The Fast-MFC method had no good performance compared to the proposed method and MSCF methods in cloud shadow detection and, sometimes, detected the first, second, fifth, ninth, and tenth samples, as well as the cloud and cloud shadows, wrongly. The MSCF method had a weaker performance than the proposed method in partial cloud shadow detection (e.g., Figures 4(e)4(h)).

4.4.3. Evaluating the Accuracy of Methods in Challenging the Presence of Dense Fog in Scene

The fourth example (Figure 4(d)) in this test has the challenge of the presence of dense fog in scene. Since the purpose of creating an algorithm for the cloud and cloud shadow detection is using these results in the recovery phase of the effects covered by clouds and cloud shadows, dense fog was considered in the cloud class in this test.

The Fast-MFC method and the proposed method have better results compared to the MSCF method. The results indicated that the Fast-MFC method, as a statistical method, had a desirable performance in distinguishing between the dense and sparse fog and cloud shadows.

The objective of using deep learning methods is achieving the same function as the expert human factor with the least error. The proposed method had a good performance in cloud detection in the challenge of the presence of dense fog in scene. In addition, cloud shadows were identified accurately in this challenge.

4.4.4. Processing Cost

Calculating the cost of processing is raised between the proposed method and the MSCF method as a deep learning method. Processing cost refers to the time spent on training deep learning architecture and its criterion is based on the number of repetitions of the time spent for each repetition. The processing costs for the proposed method and the MSCF method for 200 repetitions of training equal 2000 and 2570 minutes, respectively. The proposed method has a less computational cost of about 570 minutes compared to the MSCF method.

4.4.5. Comparative Studies Using SVM and Fuzzy k-Means

For the benchmark, in addition to the Fast-MFC and MSCF, two effective methods, including Support Vector Machine (SVM) [55, 56] and Fuzzy k-means [57], were used for comparisons. The qualitative comparison of the proposed method prediction with SVM and Fuzzy k-means can be seen in Figure 7. The qualitative results show the ability of the proposed method to segment smaller cloud/cloud shadow regions in scene while producing a perfect result of the overall scene.

5. Conclusions and Further Research

This study presents a novel multiscale deep learning method for near-real-time cloud and cloud shadow segmentation using Gaofen-1 images. The proposed model performs well and is comparable in accuracy to existing the cloud and cloud shadow segmentation methods that were developed for Gaofen-1 images. In addition, the proposed model was applied to extract the cloud and cloud shadow for ten scenes of crucial challenges in remote sensing. The advantage of the proposed method is that it takes into account the spectral-spatial relationship of the multiscale data and eliminates the need to consider additional parameters for its task.

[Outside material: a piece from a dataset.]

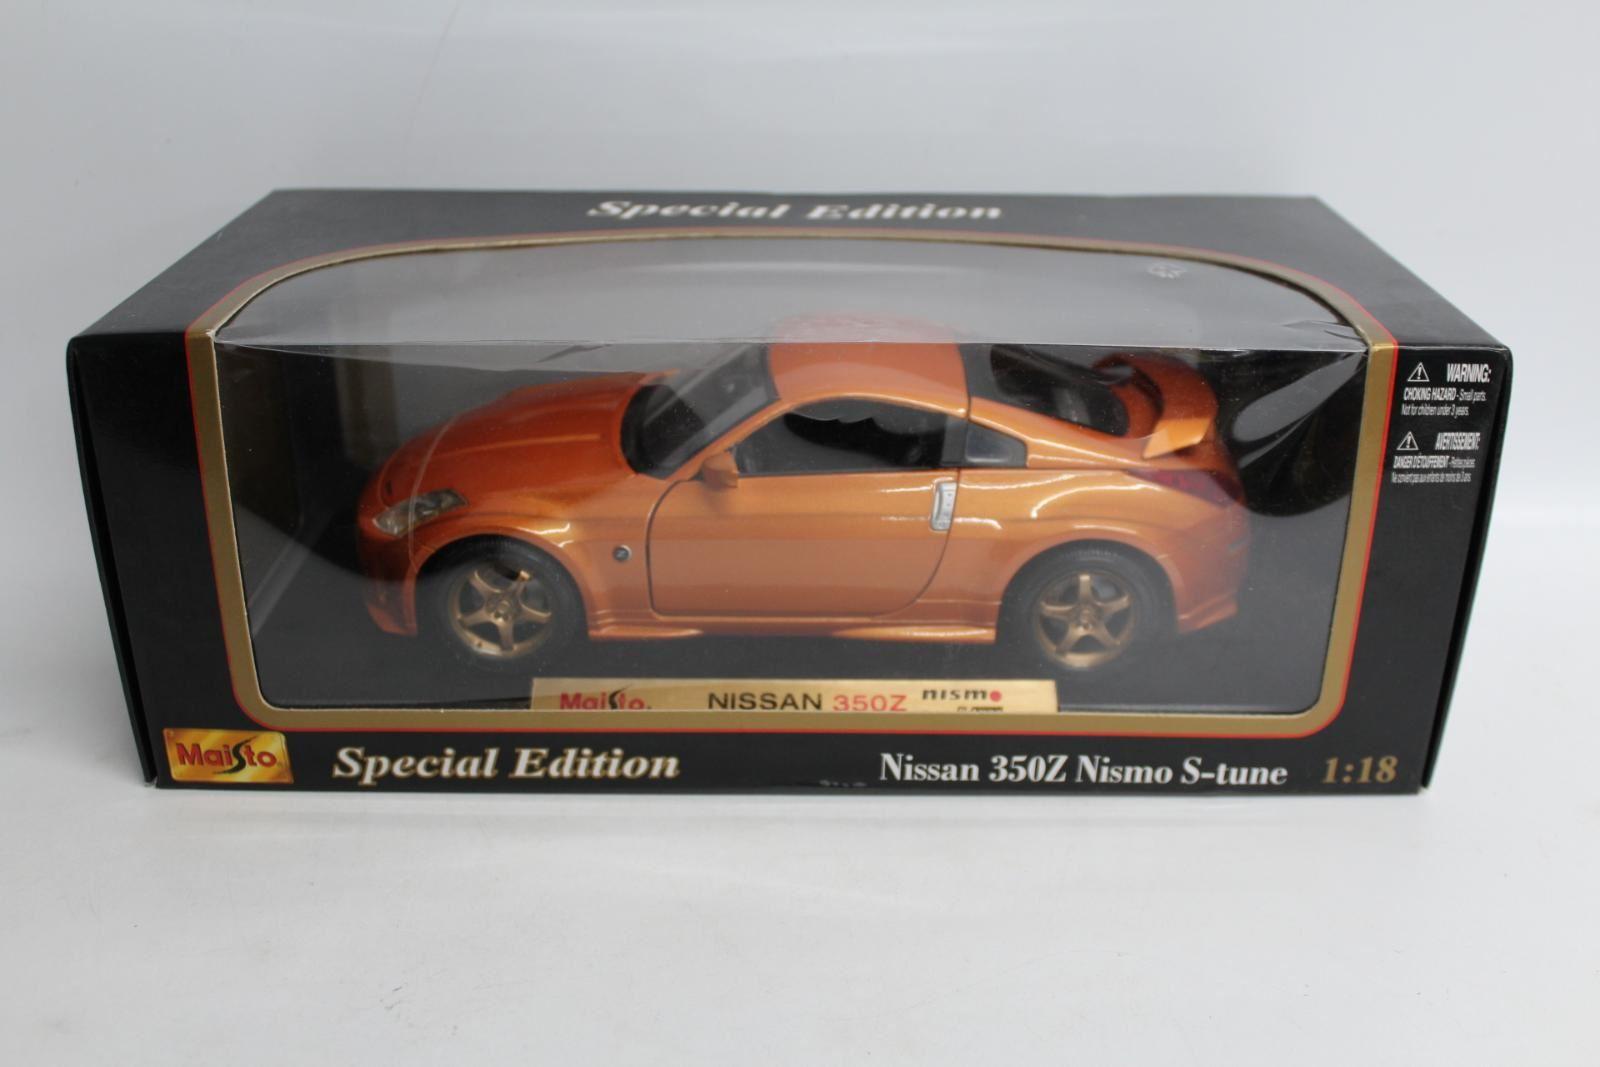 Maisto-31688-EDICIoN-Especial-Nissan-350z-Nismo-S-Tune-1-18-Escala-Modelo-de-Coche-Nuevo

In the future study, the proposed method can be extended for real-time applications. Our future research will address real-time cloud and cloud shadow segmentation in the different sensors.

Data Availability

The public open-source dataset used to support this study is available at http://sendimage.whu.edu.cn/en/mfc/.

Conflicts of Interest

The authors declare that there are no conflicts of interest regarding the publication of this paper.